▶ **PROVIDED RECORDS**
---

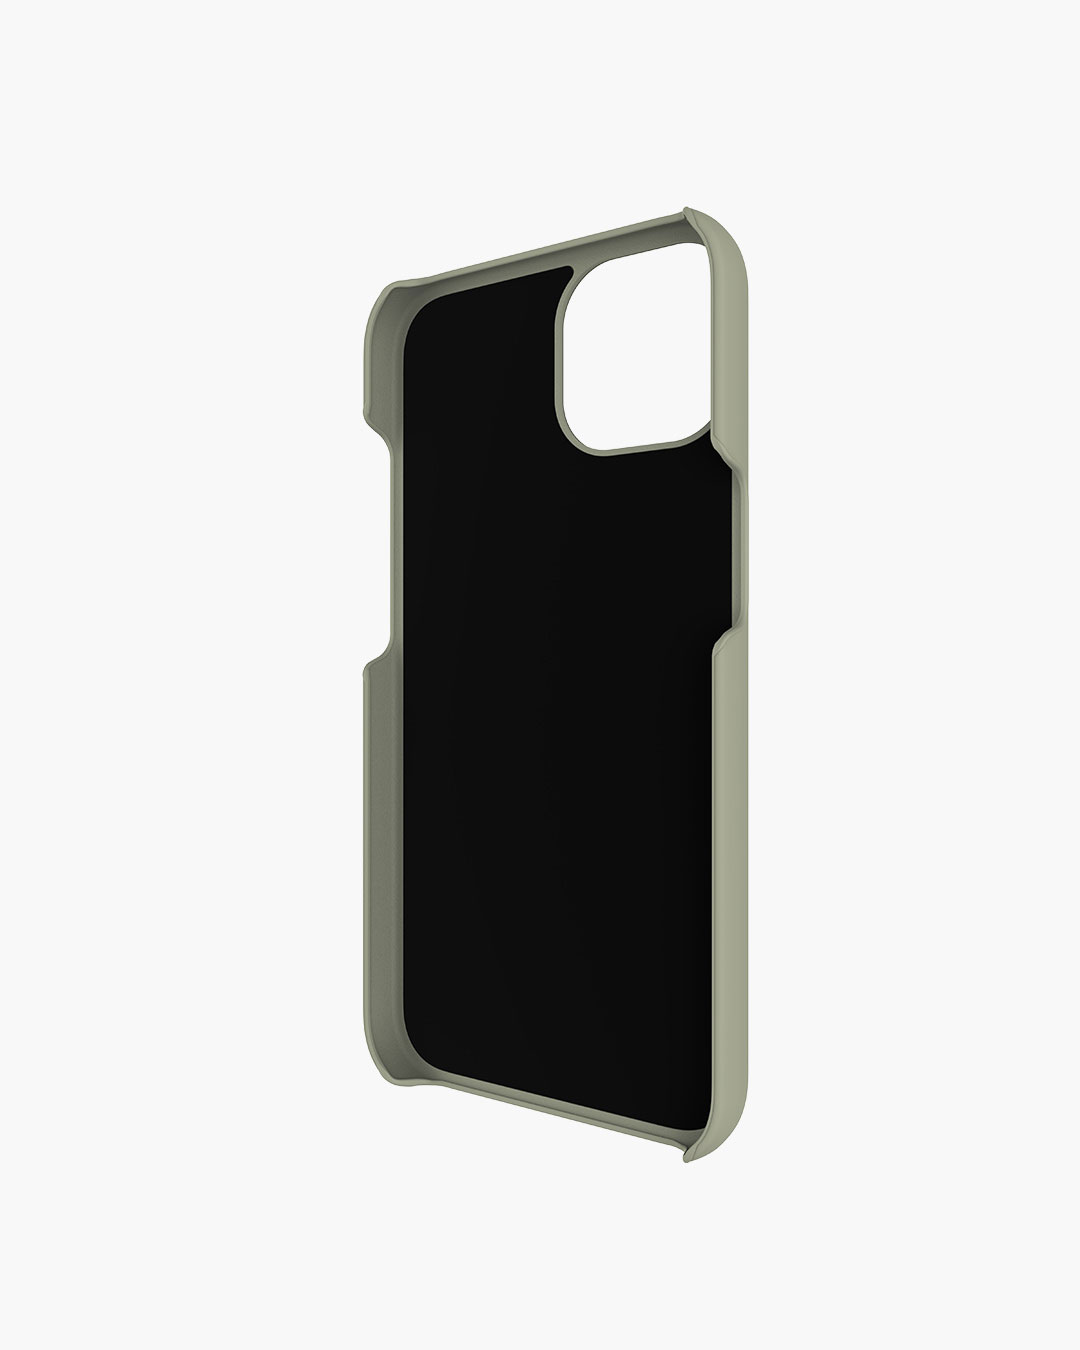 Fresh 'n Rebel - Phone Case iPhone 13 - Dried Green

---

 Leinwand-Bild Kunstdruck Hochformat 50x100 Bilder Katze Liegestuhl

---

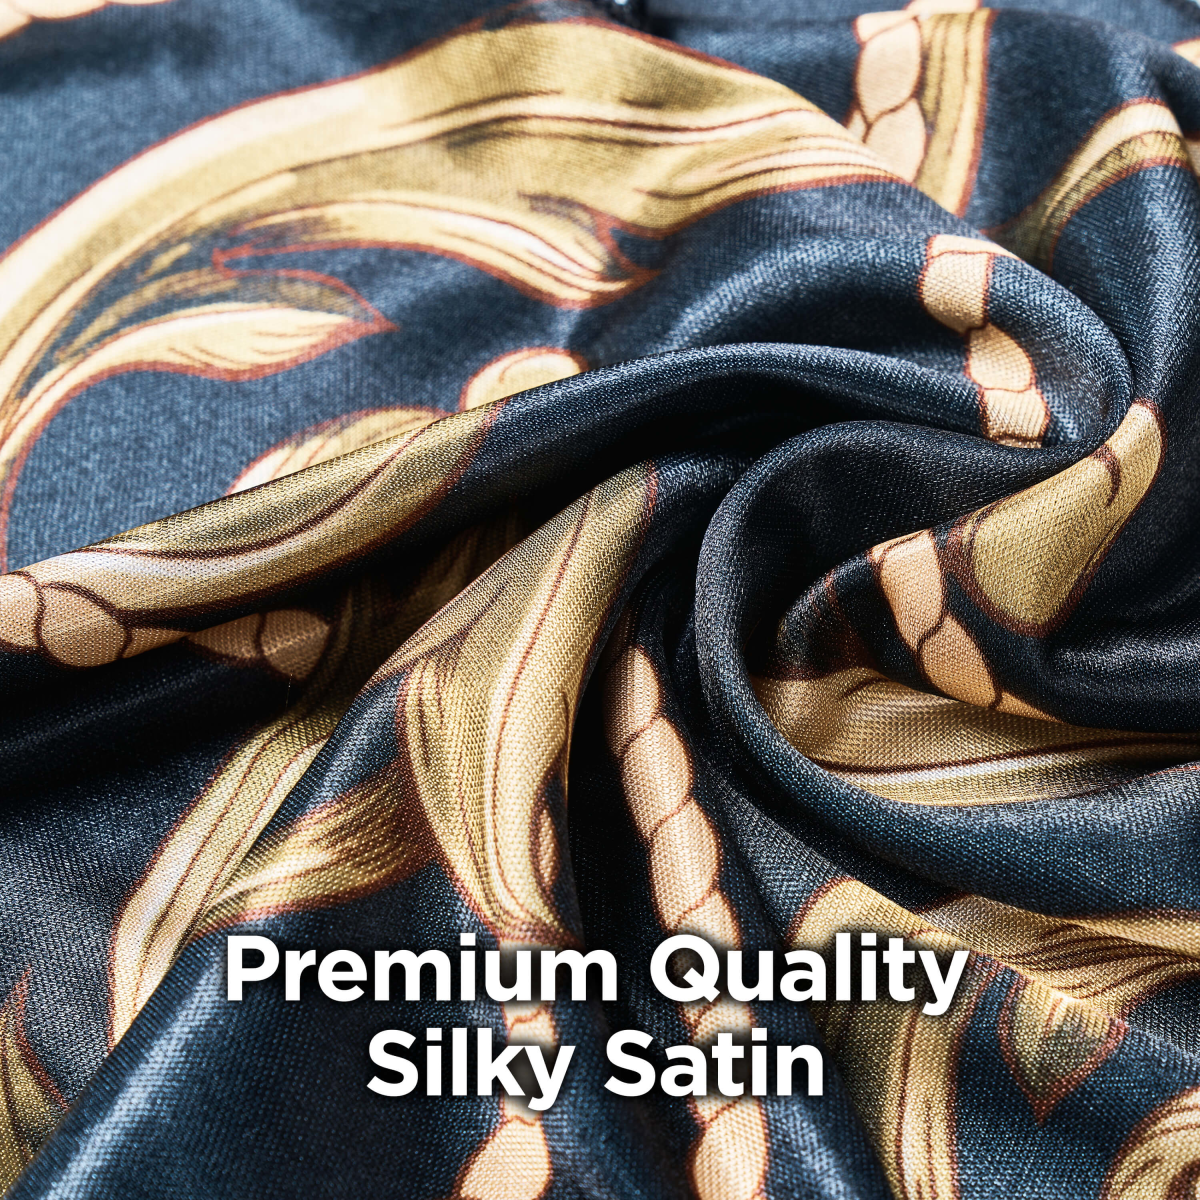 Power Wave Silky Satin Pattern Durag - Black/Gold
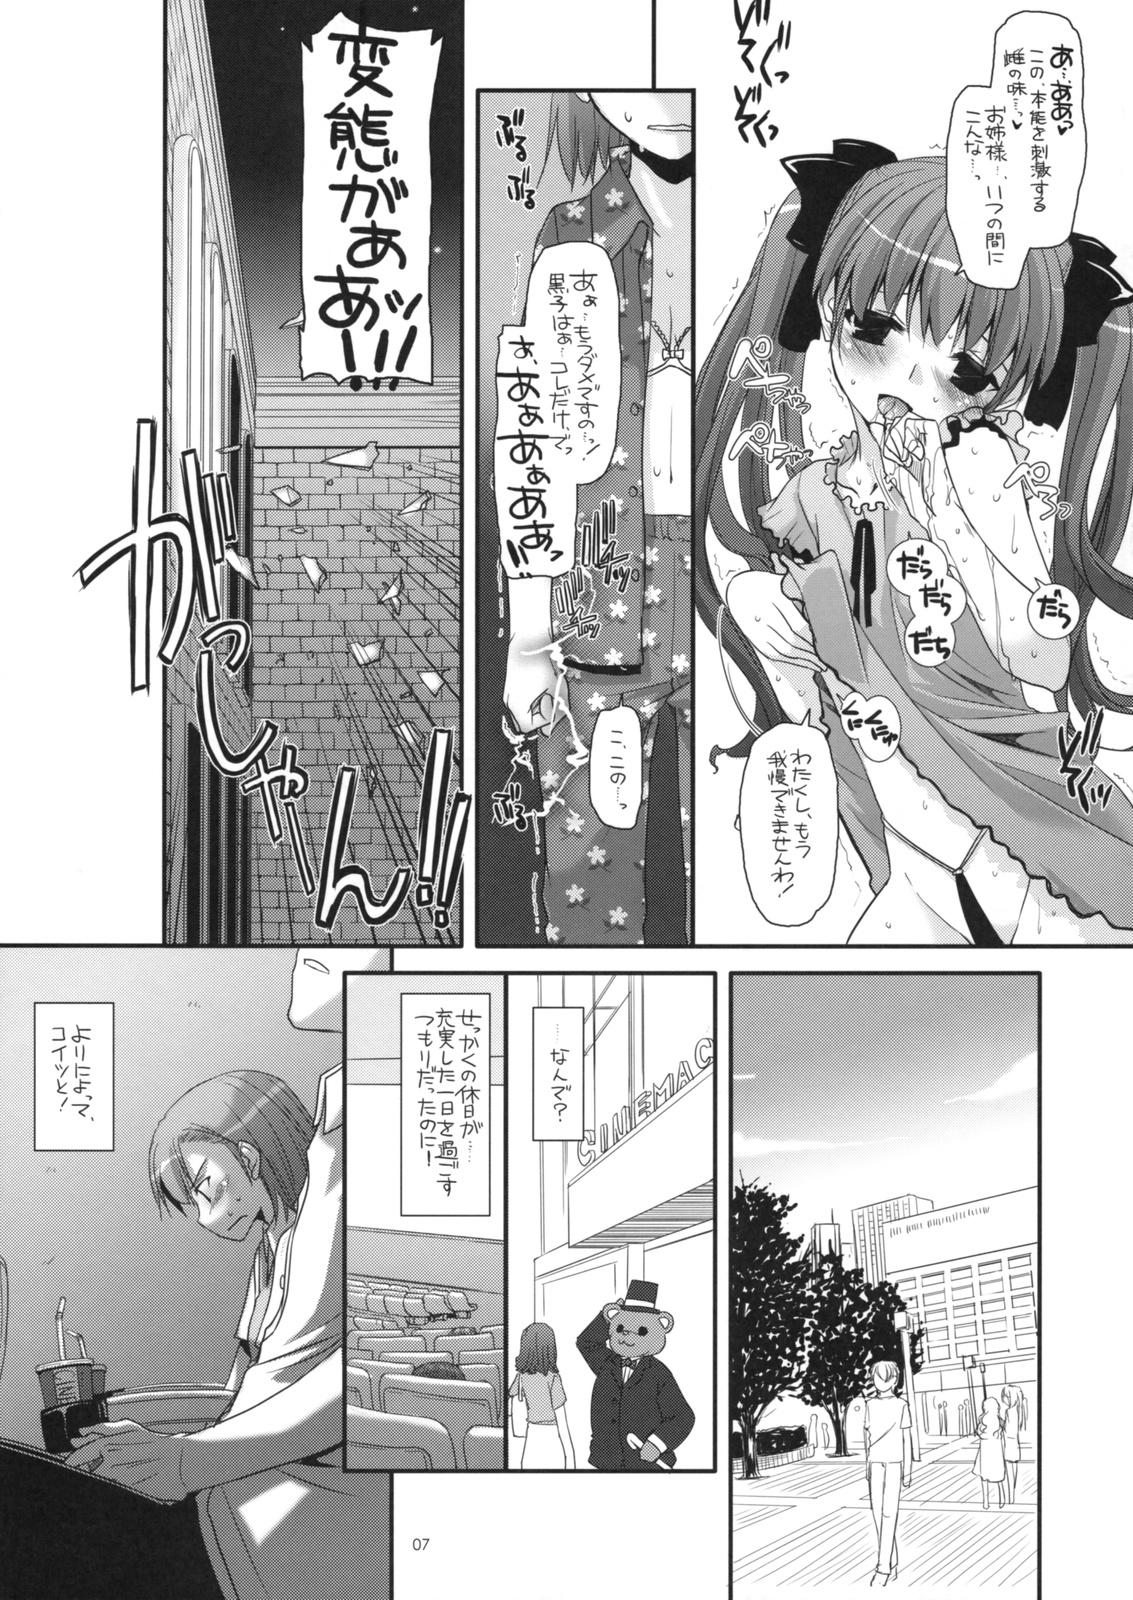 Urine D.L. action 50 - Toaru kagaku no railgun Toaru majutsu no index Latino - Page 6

---

▶ **EXERCISE INSTRUCTIONS**
Restate word for word the lines of the data above that begin at the line with "Power Wave Silky" and end at the line with "Urine D.L. action", keeping both ends and dropping every picture.

▶ **SOLUTION**
 Power Wave Silky Satin Pattern Durag - Black/Gold
 Urine D.L. action 50 - Toaru kagaku no railgun Toaru majutsu no index Latino - Page 6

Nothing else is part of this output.